Glioblastoma (GBM) is the most common and aggressive brain tumor in adults which is characterized by extensive cellular and genetic heterogeneity. Even with surgery, chemotherapy with temozolomide, and radiation, tumor re-growth and patient relapse are inevitable. The extensive inter- and intra-tumoral heterogeneity (ITH) of recurrent GBM emerges from dysregulation at multiple -omic levels of the tumor. ITH exits at the cellular level due to a small subpopulation of chemo- and radio-resistant cells, called brain tumor initiating cells, which may drive GBM treatment resistance. Although a wealth of literature describes the biology of primary GBM (pGBM), we currently lack an understanding of how GBM evolves through therapy to become a very different tumor at recurrence, which may explain why therapies against primary GBM fail to work in recurrent GBM (rGBM). Thus, understanding the tumor evolution from a multi-omic perspective is critical for the development of effective therapeutic approaches.

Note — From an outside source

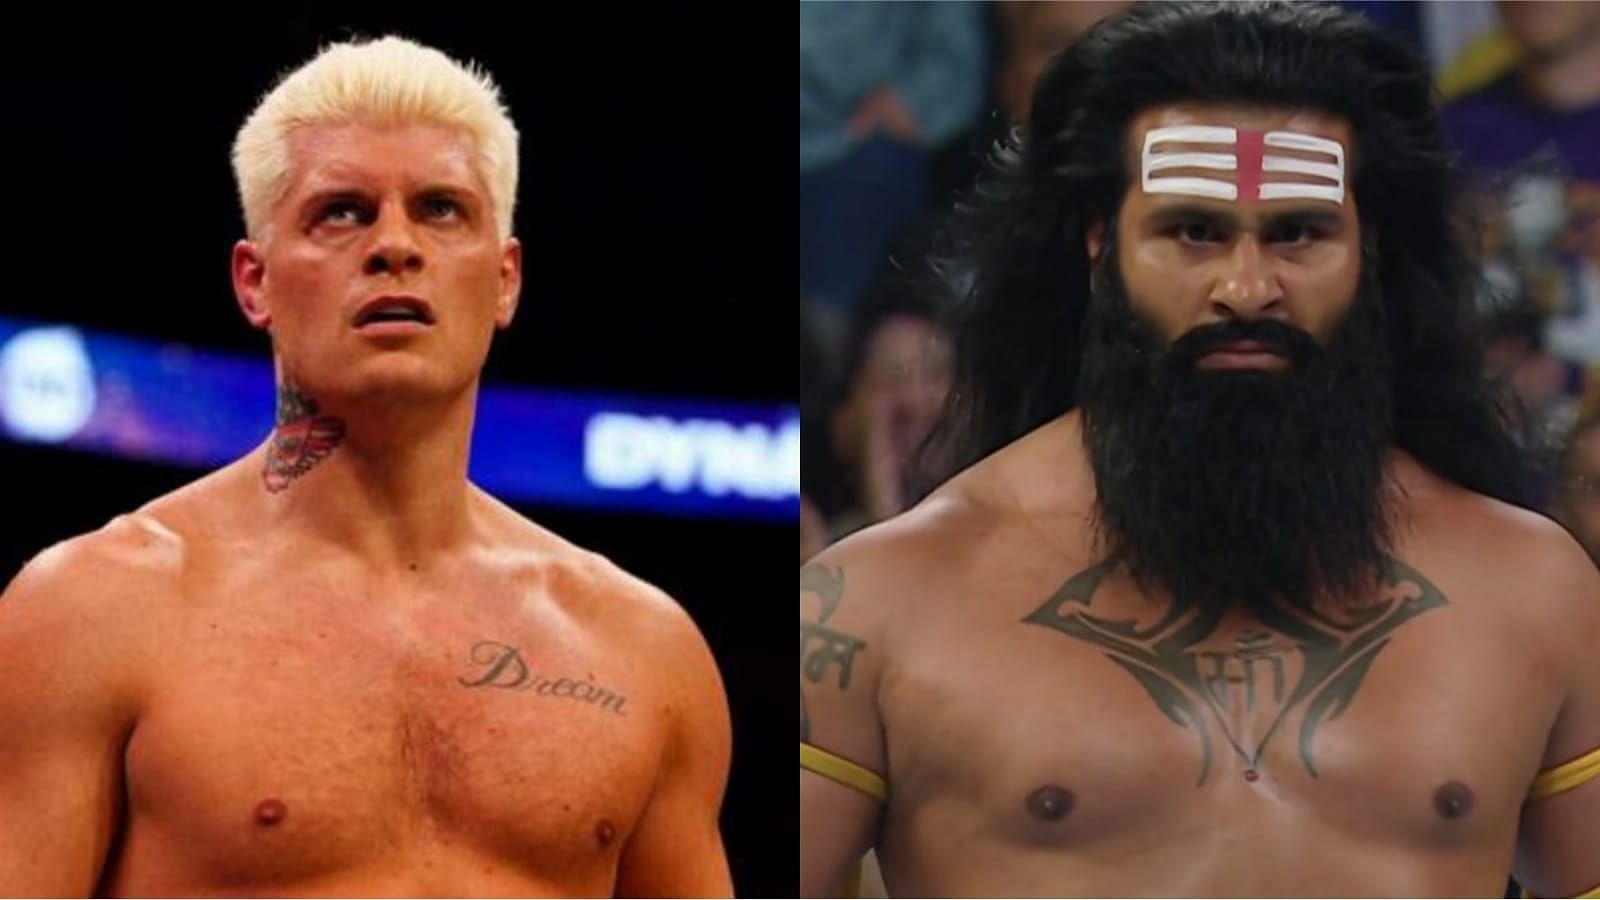 Cody Rhodes and Veer Mahaan have been unstoppable on Monday Night RAW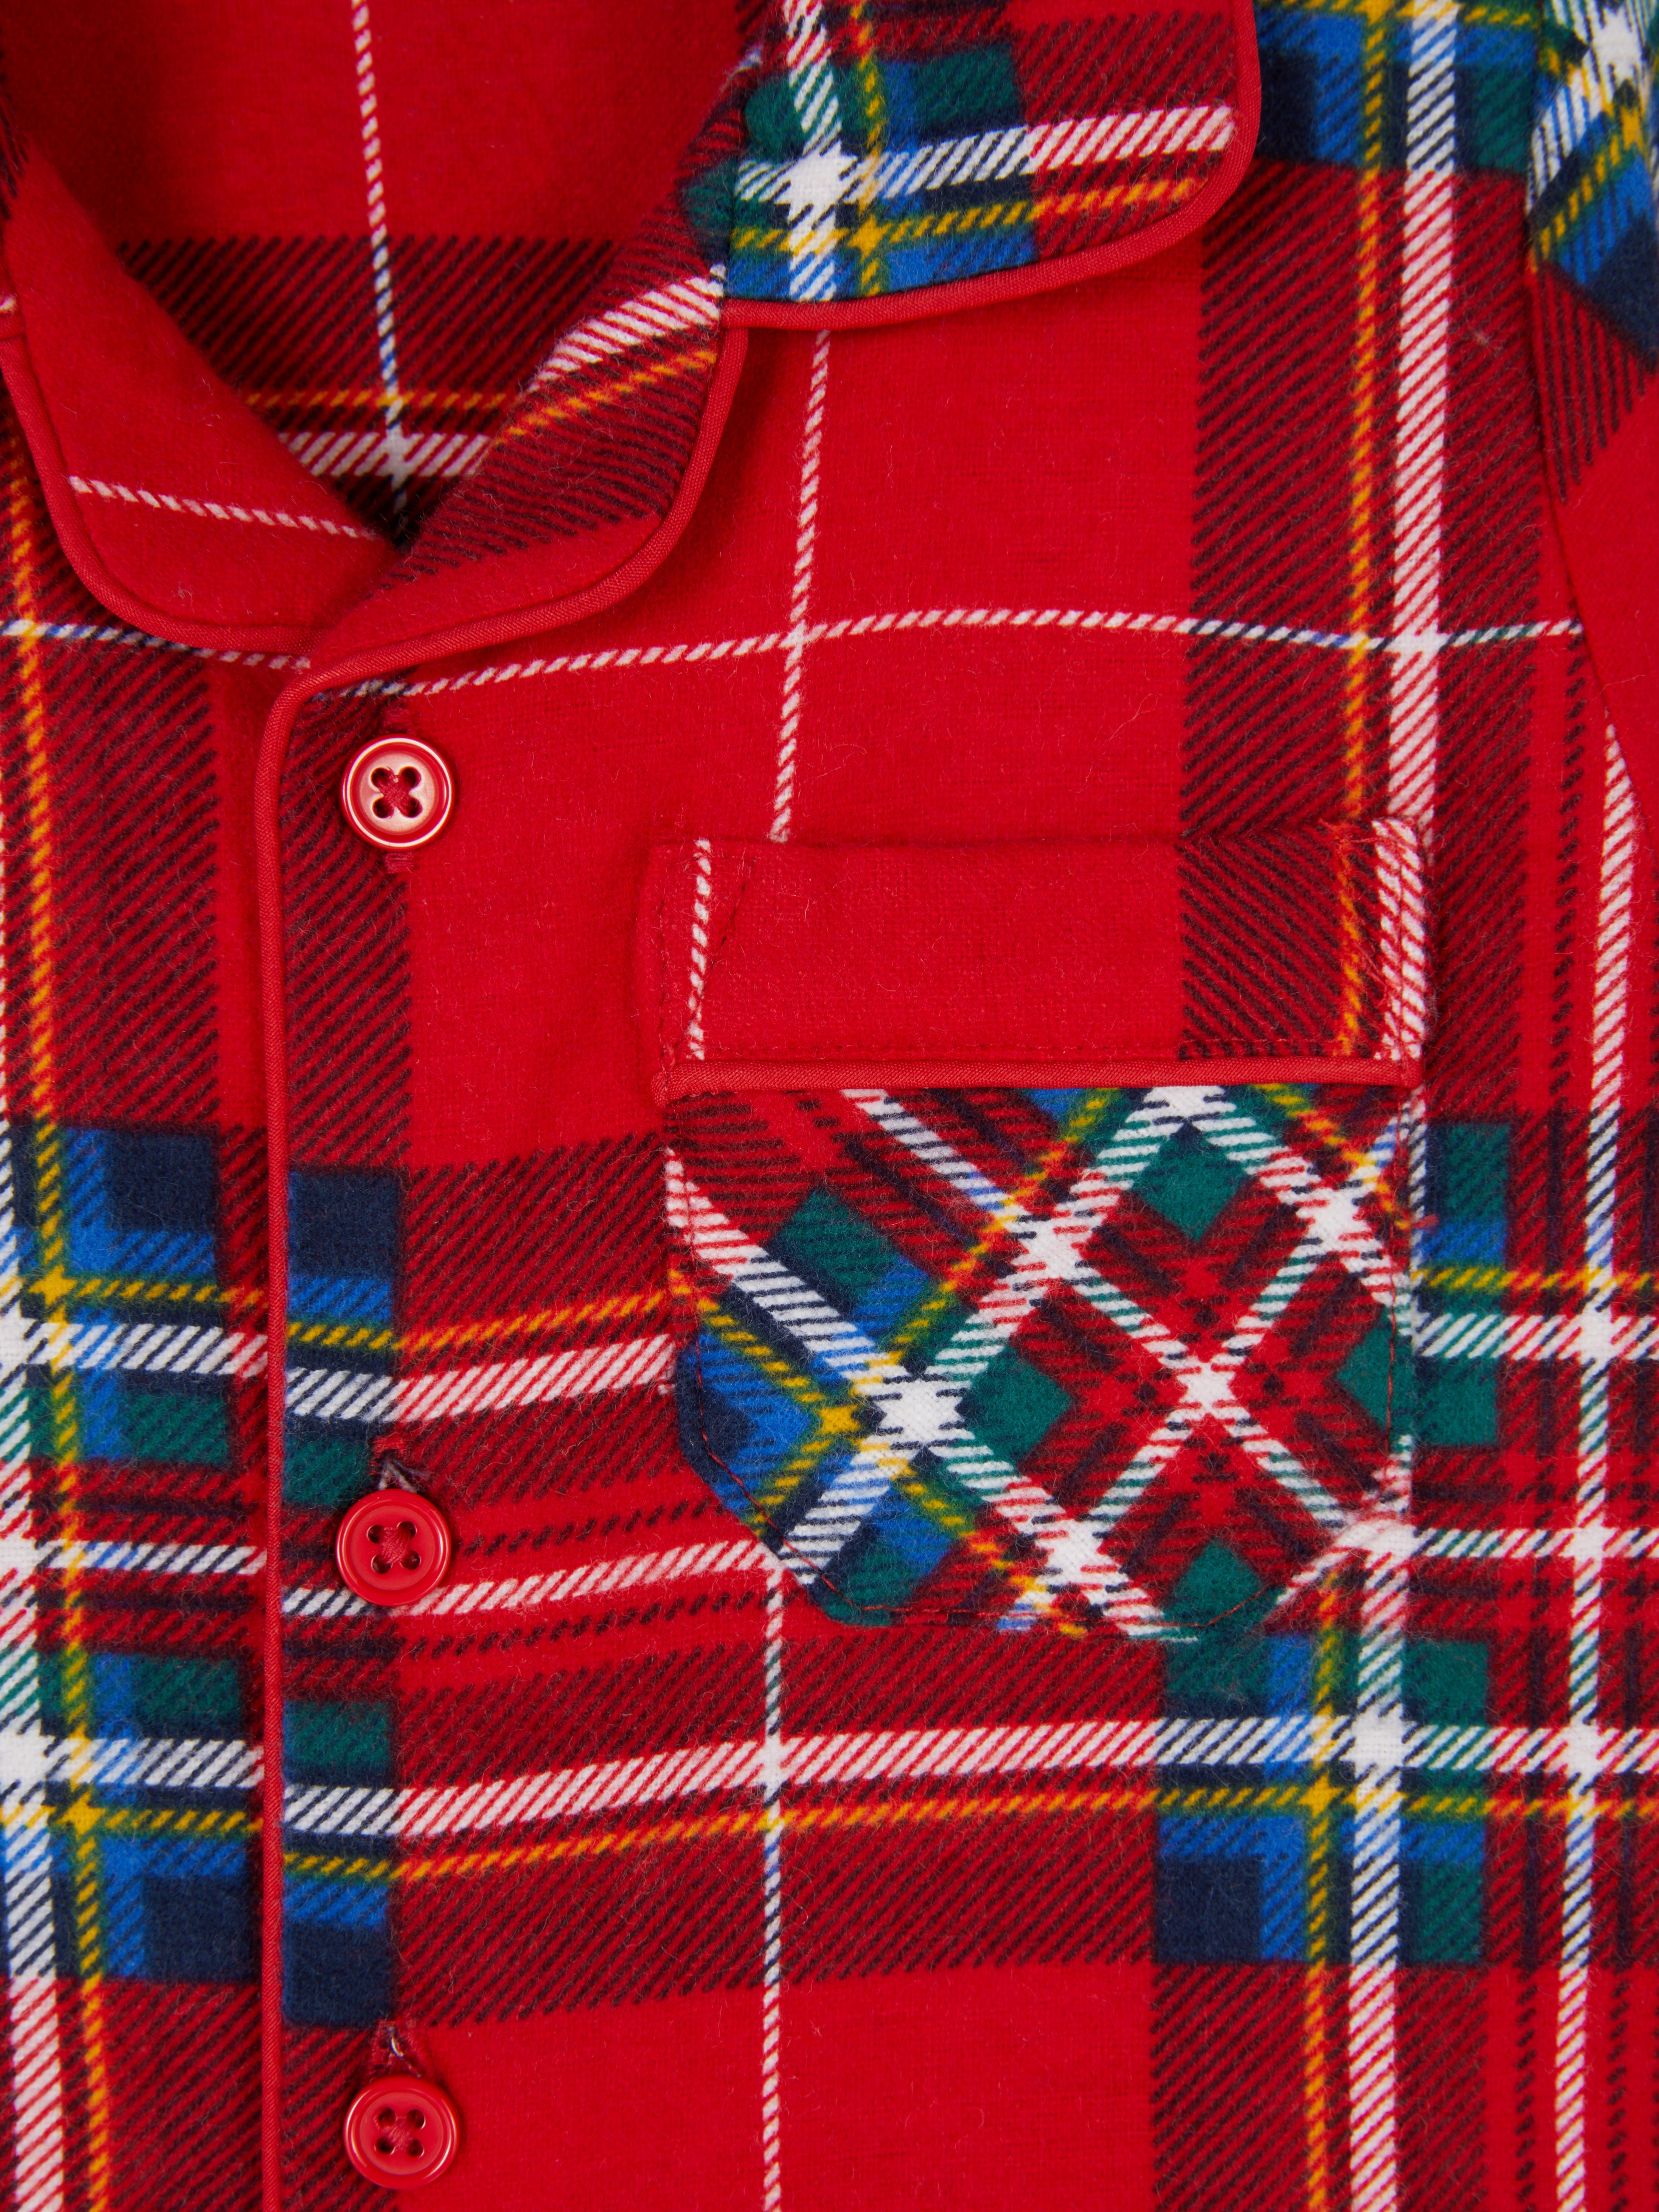 Baby Checked Flannel Pyjamas

The current work focuses on identification and validation of novel predictive and prognostic biomarkers for rGBM using proteomics analysis on a large cohort of patientmatched pGBM-rGBM samples. This work allowed for detailed characterization of rGBM and its cognate TIME toward a better understanding of the molecular players driving recurrence which can be further used for instructing effective targeted and personalized therapies for the treatment of therapy-resistant GBM.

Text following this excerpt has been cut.